### DIRECTIONS FOR THIS TASK
Copy out the full listing below as it stands, with its pictures left behind.

### DATA PROVIDED

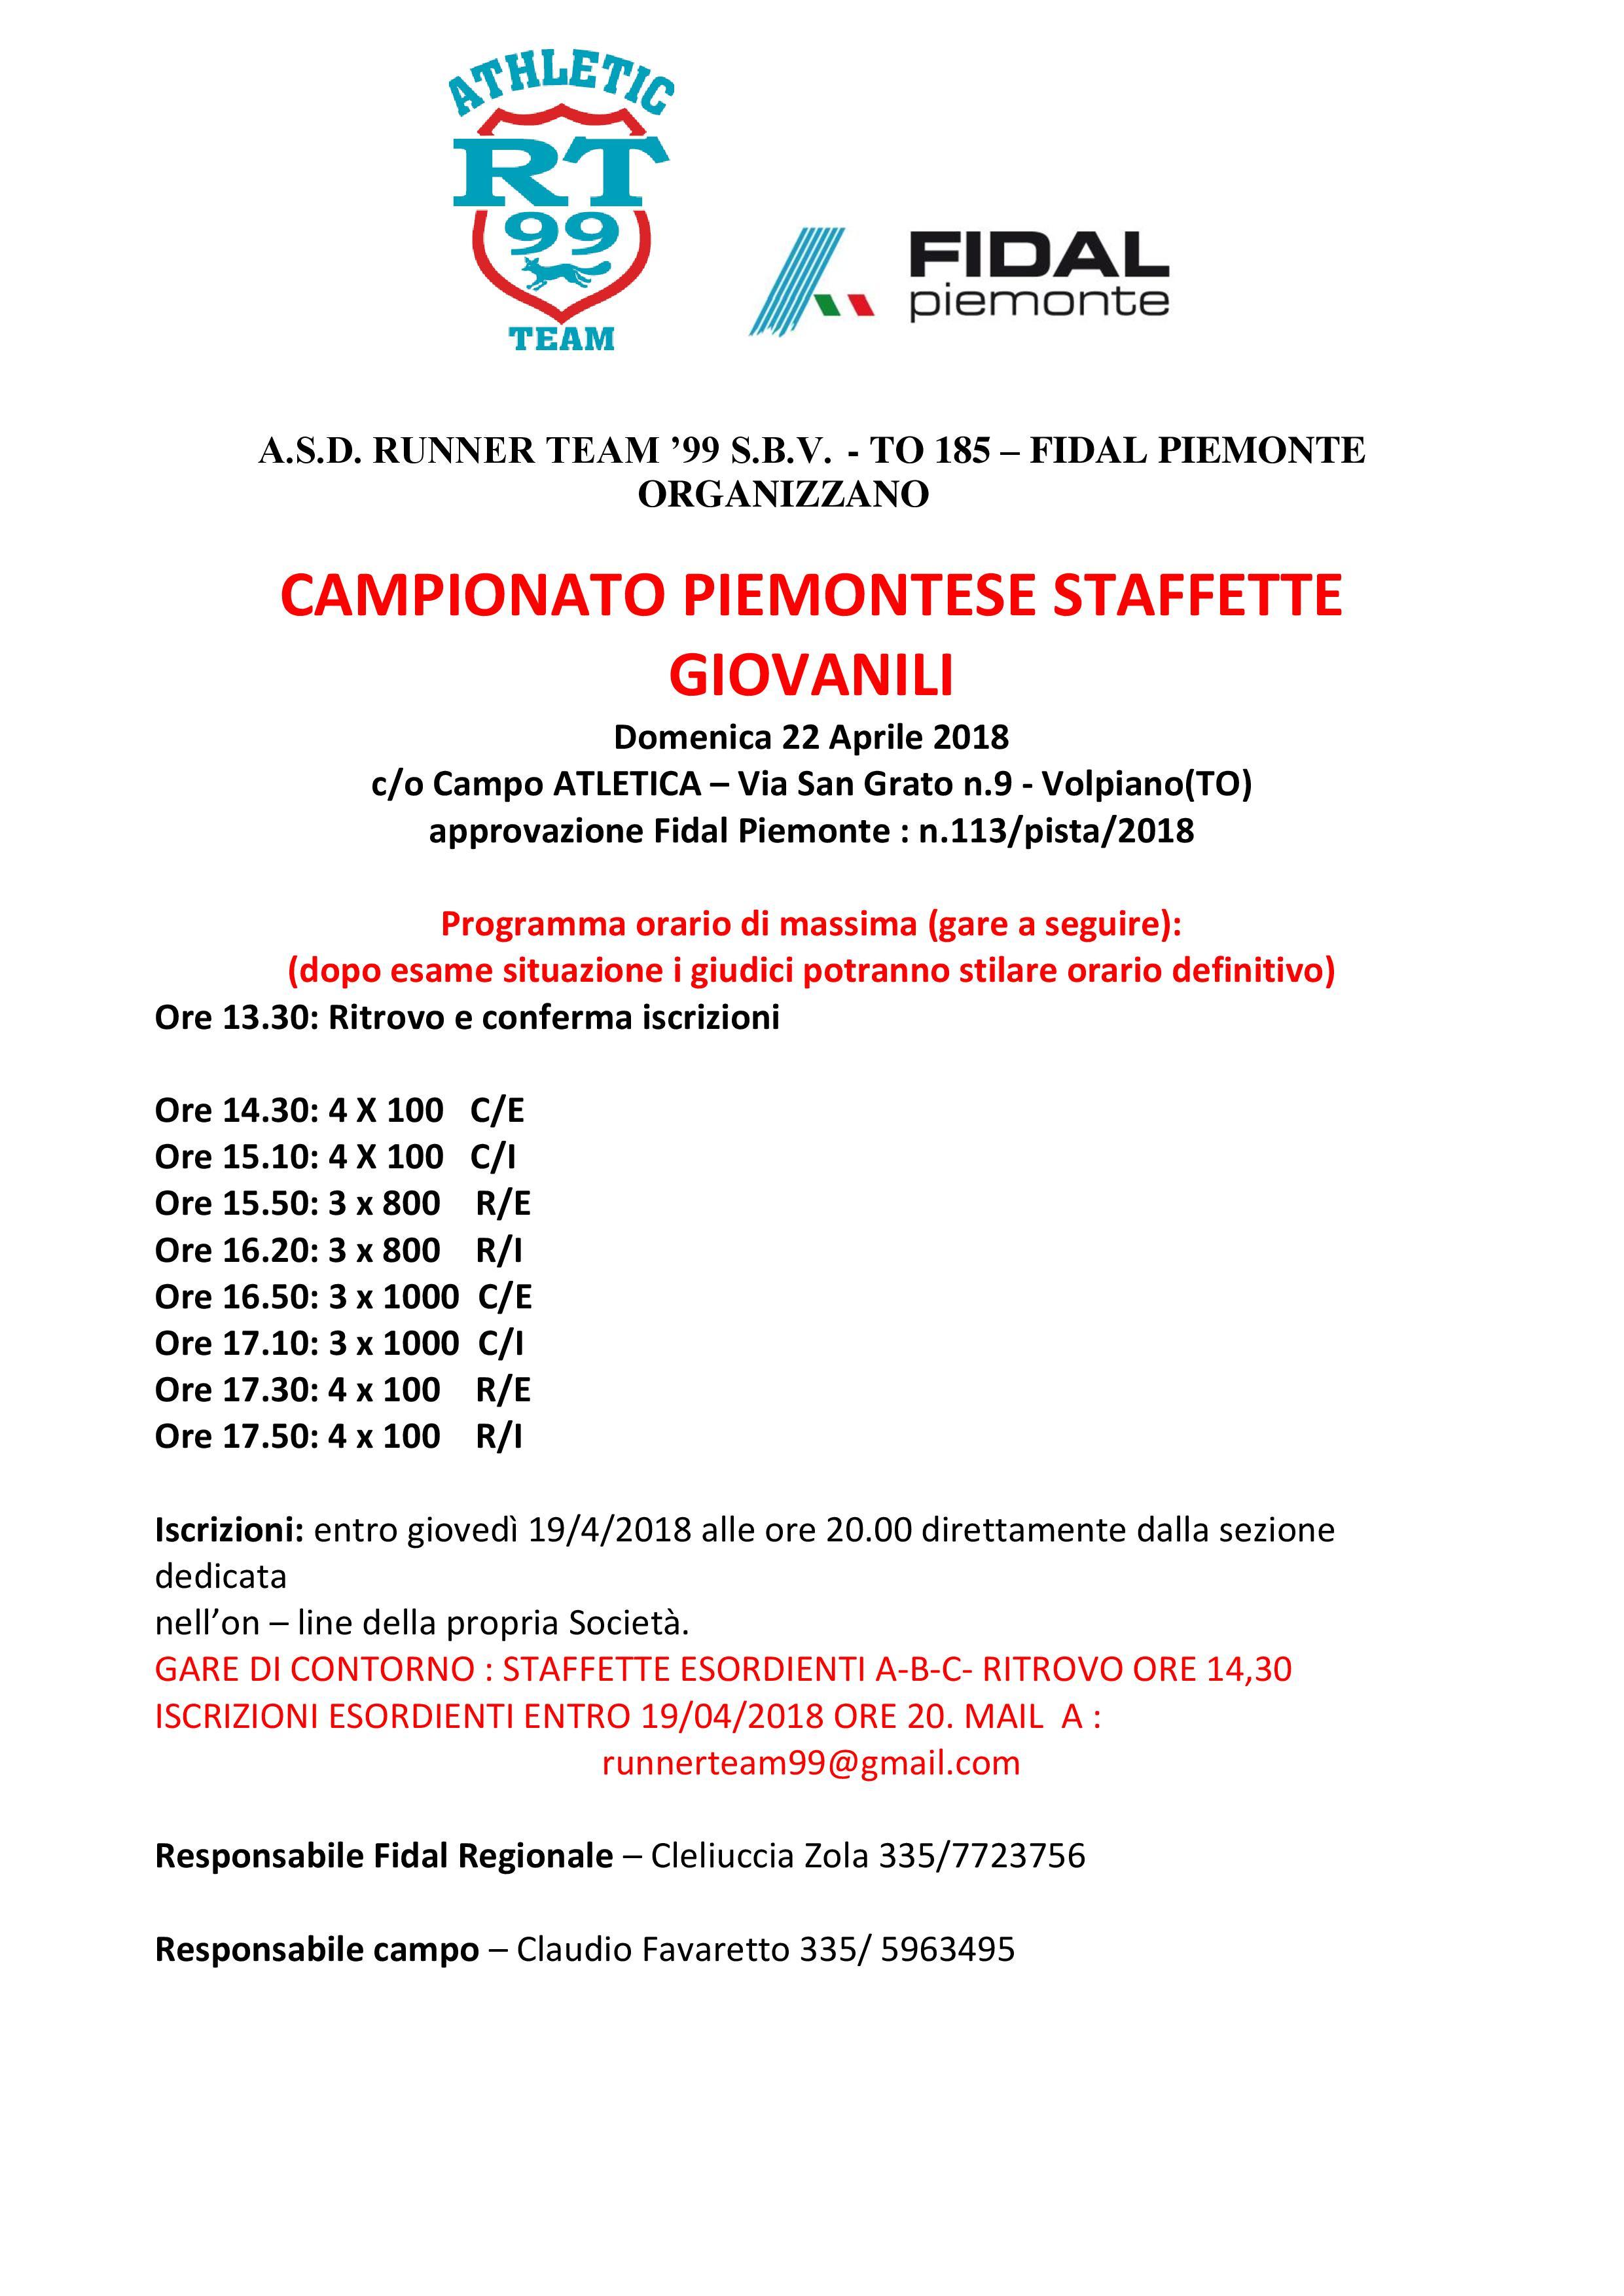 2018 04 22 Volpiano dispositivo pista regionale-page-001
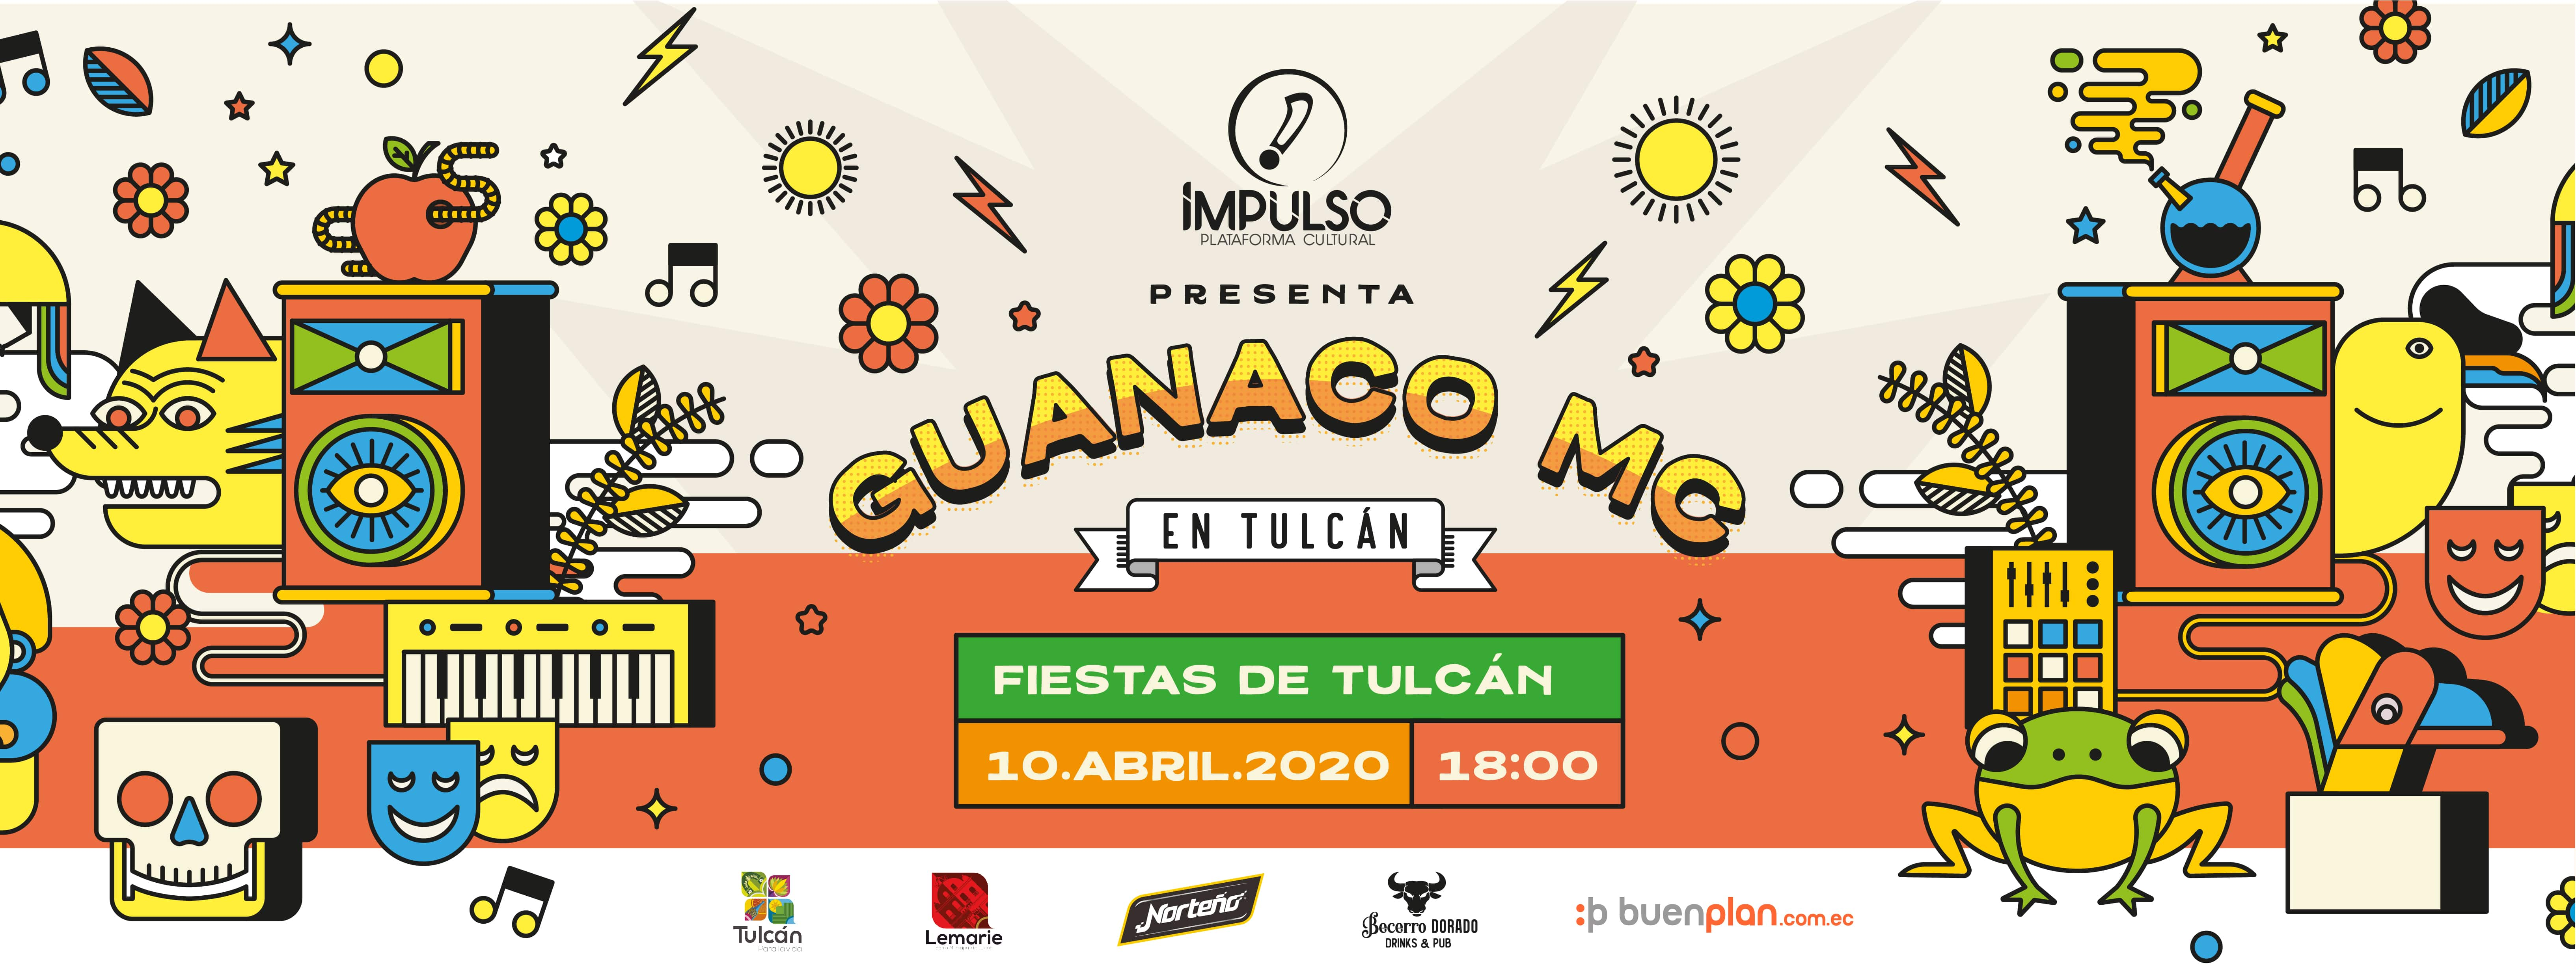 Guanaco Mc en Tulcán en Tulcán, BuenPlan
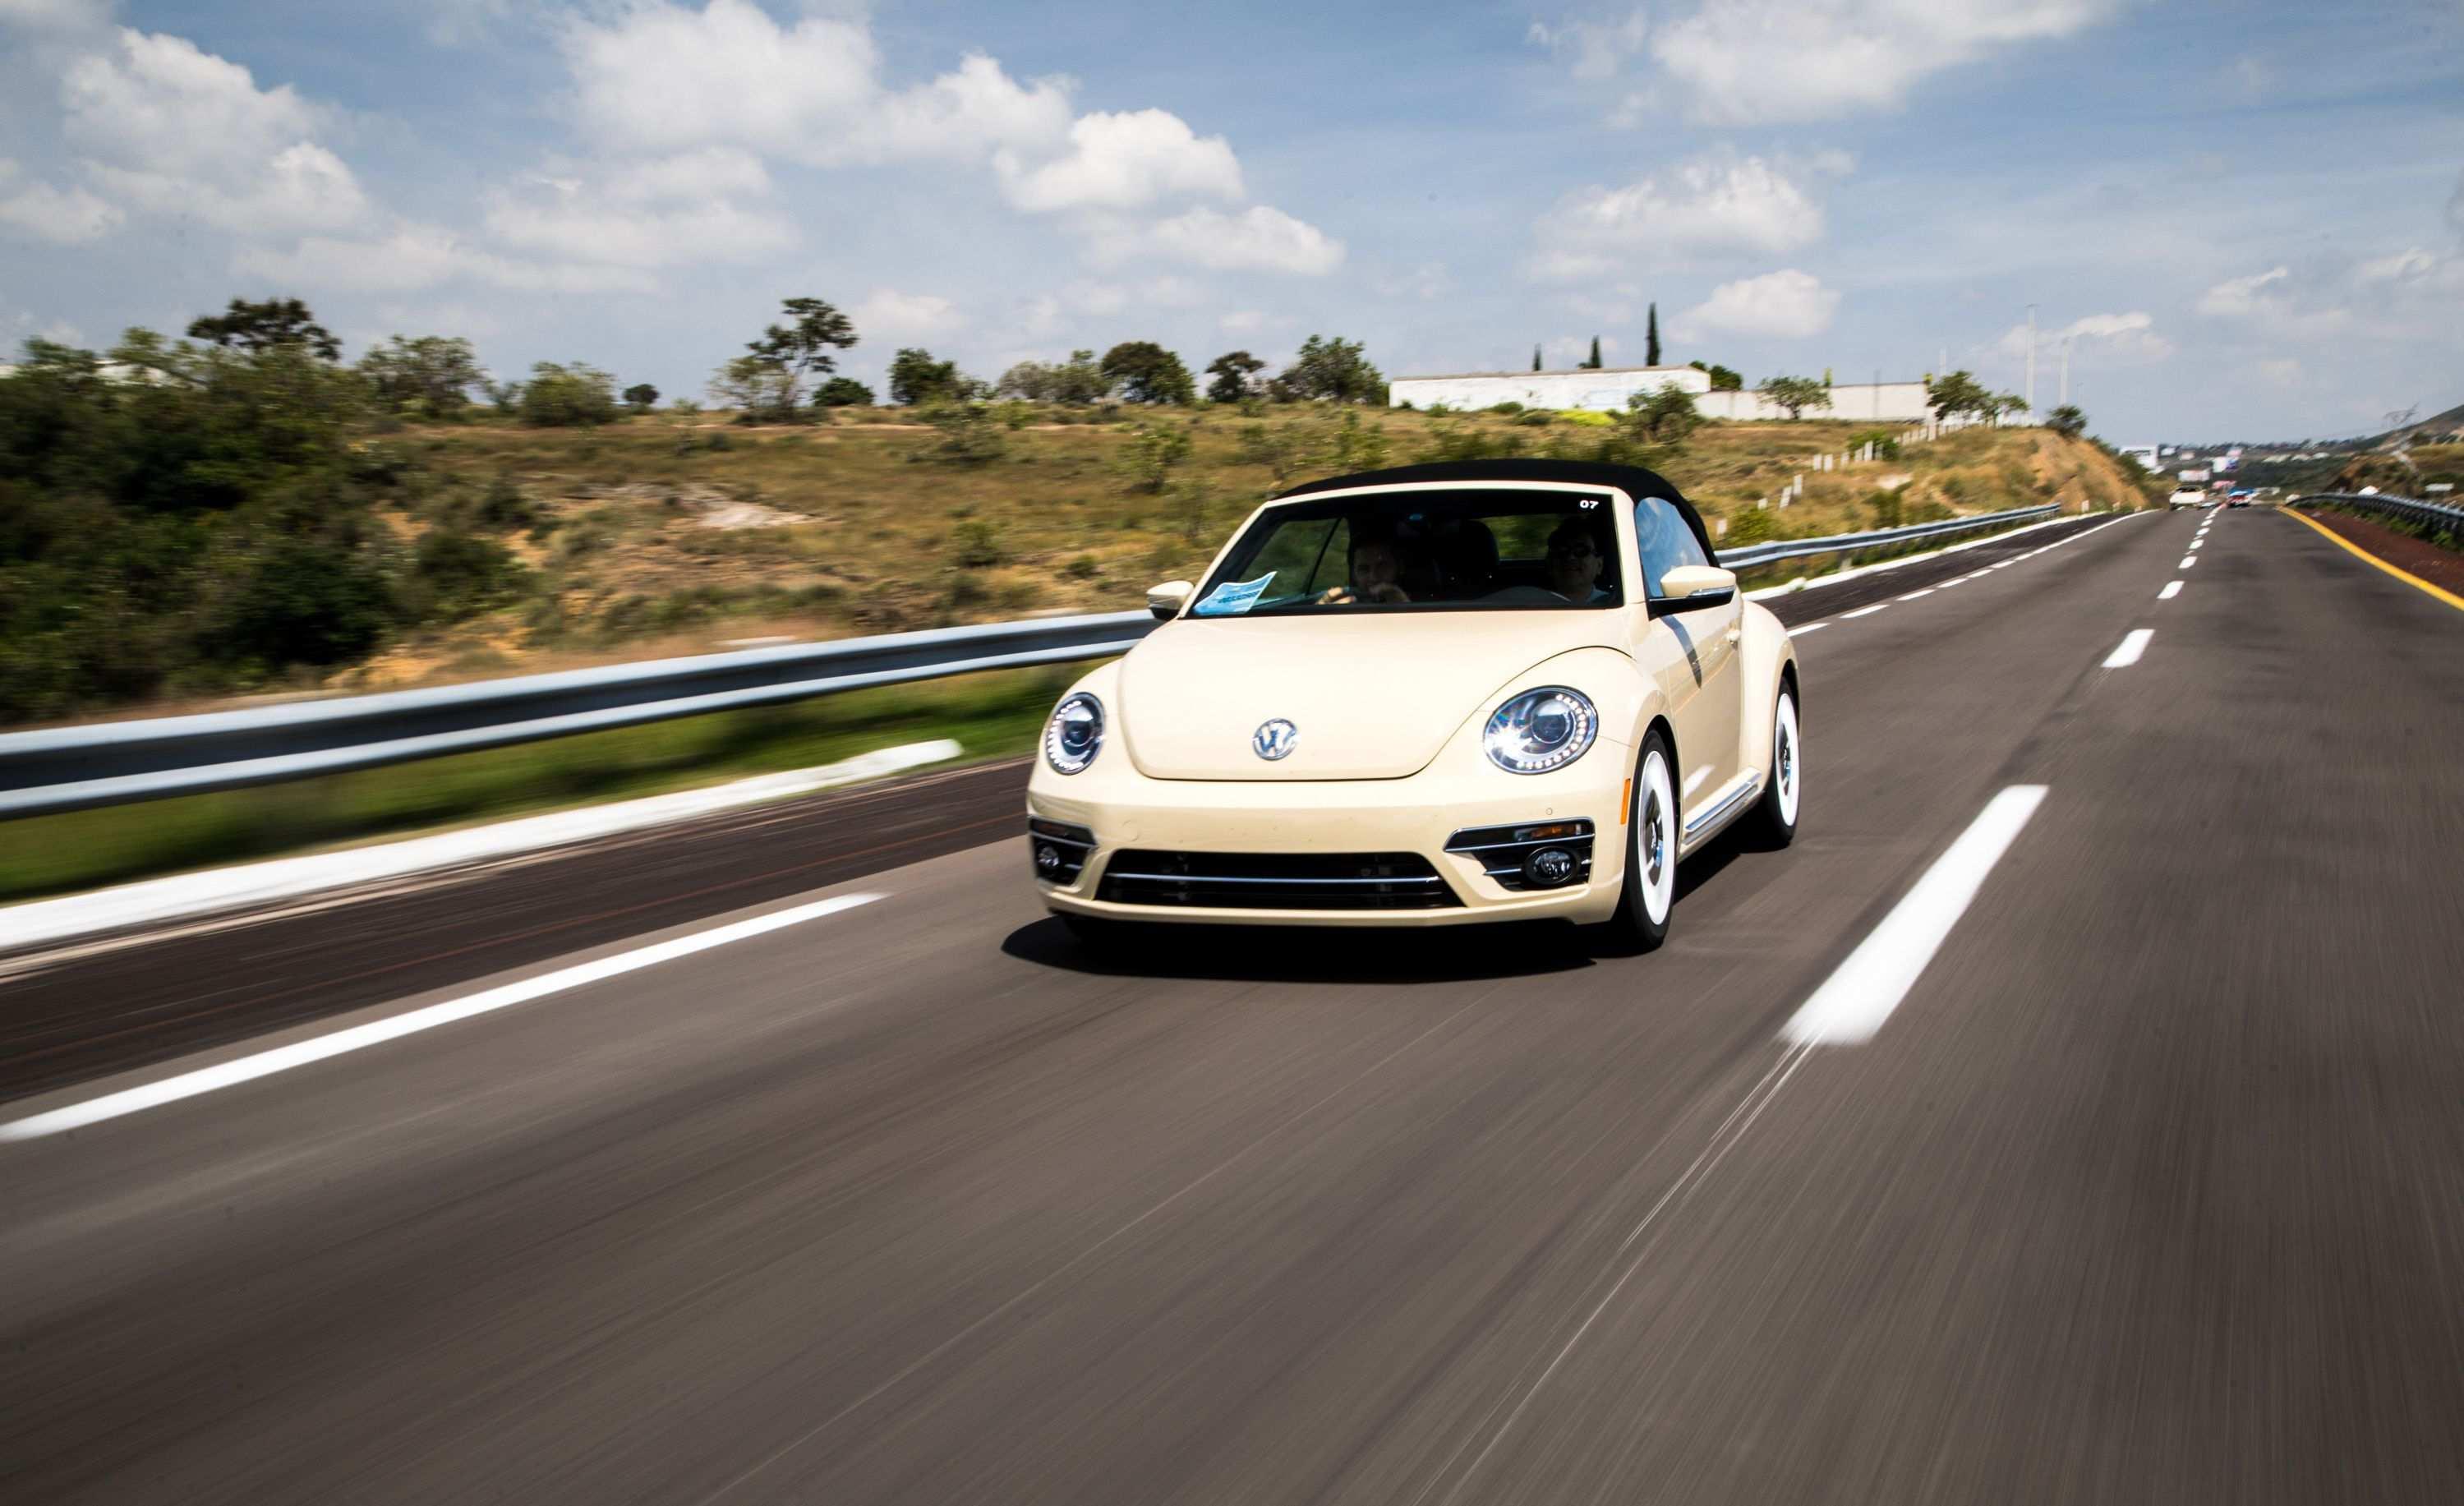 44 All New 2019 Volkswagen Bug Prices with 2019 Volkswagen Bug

### ANSWER
 2018 04 22 Volpiano dispositivo pista regionale-page-001
 Guanaco Mc en Tulcán en Tulcán, BuenPlan
 44 All New 2019 Volkswagen Bug Prices with 2019 Volkswagen Bug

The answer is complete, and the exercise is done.